• _REQUIREMENT_:
From the listing below, copy only the lines running from the line that contains "Beautiful pair of" to the line that contains "Solid Gold Cleto", both included.

• _RECORD SET_:
________

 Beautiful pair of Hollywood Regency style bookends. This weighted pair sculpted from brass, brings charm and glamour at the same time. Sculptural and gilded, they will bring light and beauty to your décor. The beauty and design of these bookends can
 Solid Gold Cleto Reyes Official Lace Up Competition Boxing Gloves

________

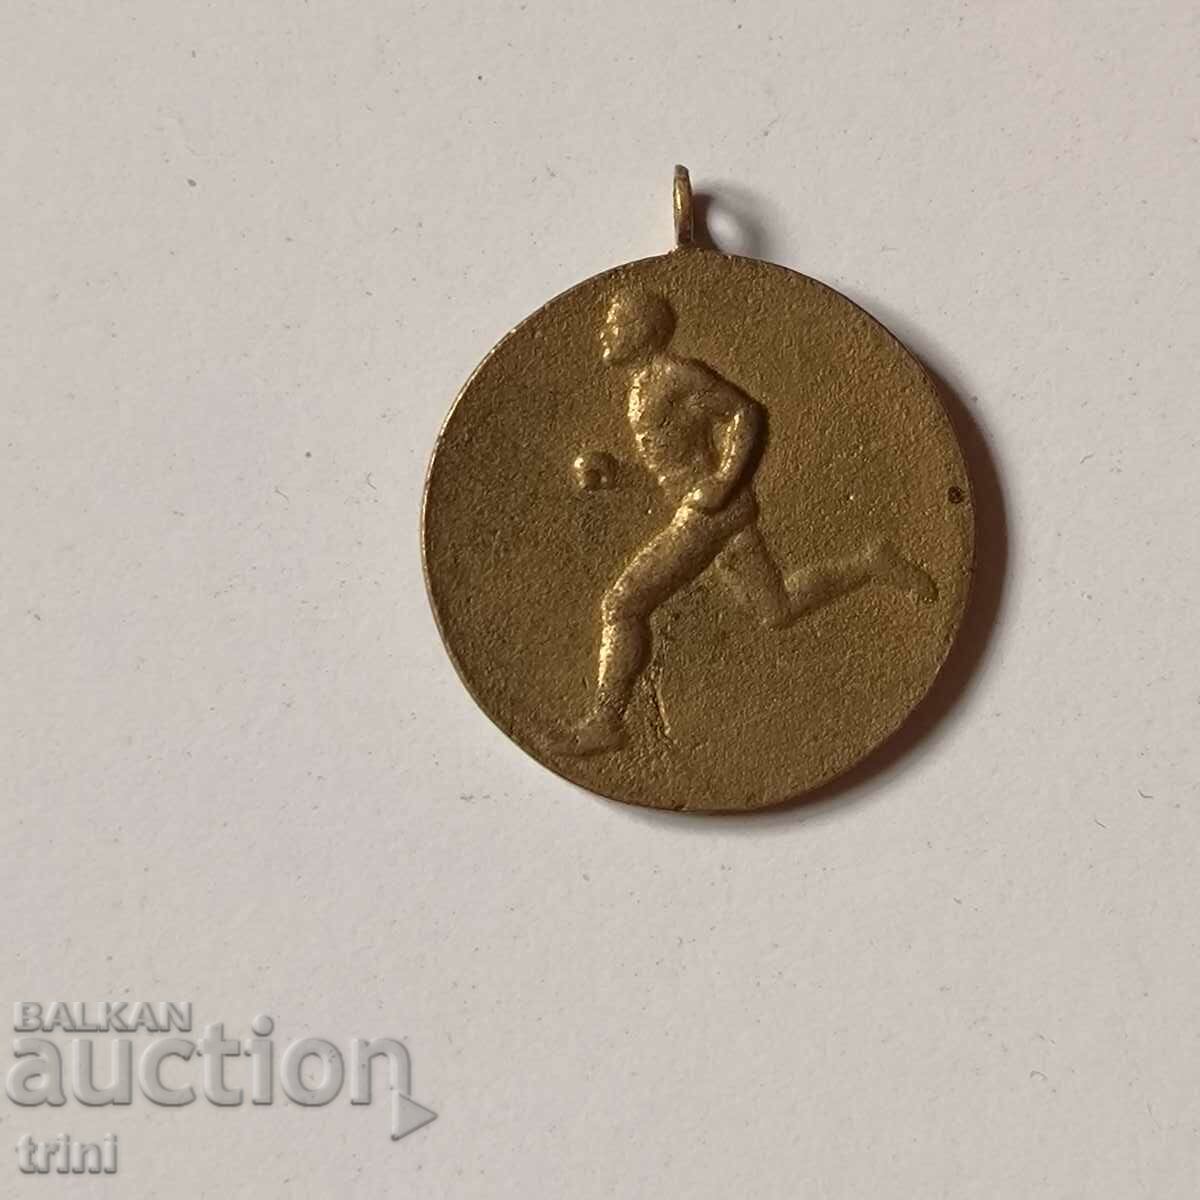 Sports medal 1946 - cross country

________

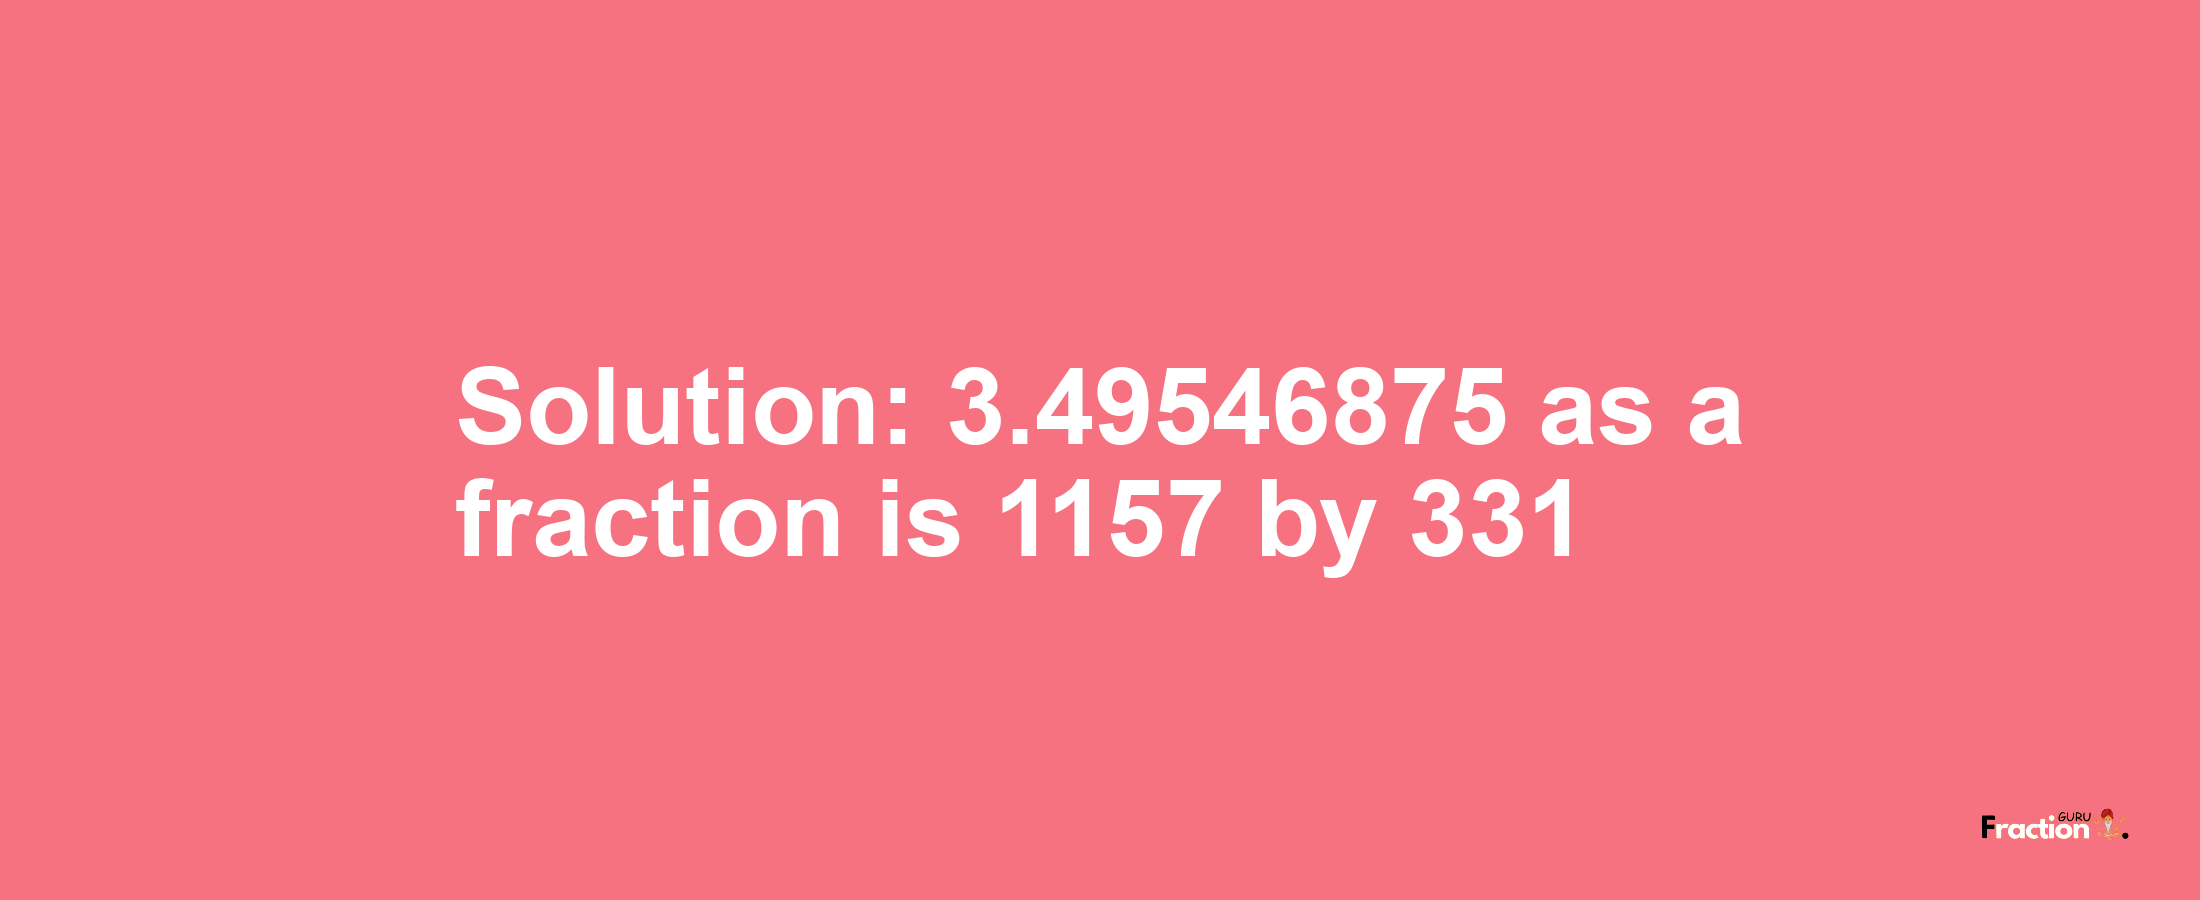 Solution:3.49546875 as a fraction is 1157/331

________

• _ANSWER BOX_:
 Beautiful pair of Hollywood Regency style bookends. This weighted pair sculpted from brass, brings charm and glamour at the same time. Sculptural and gilded, they will bring light and beauty to your décor. The beauty and design of these bookends can
 Solid Gold Cleto Reyes Official Lace Up Competition Boxing Gloves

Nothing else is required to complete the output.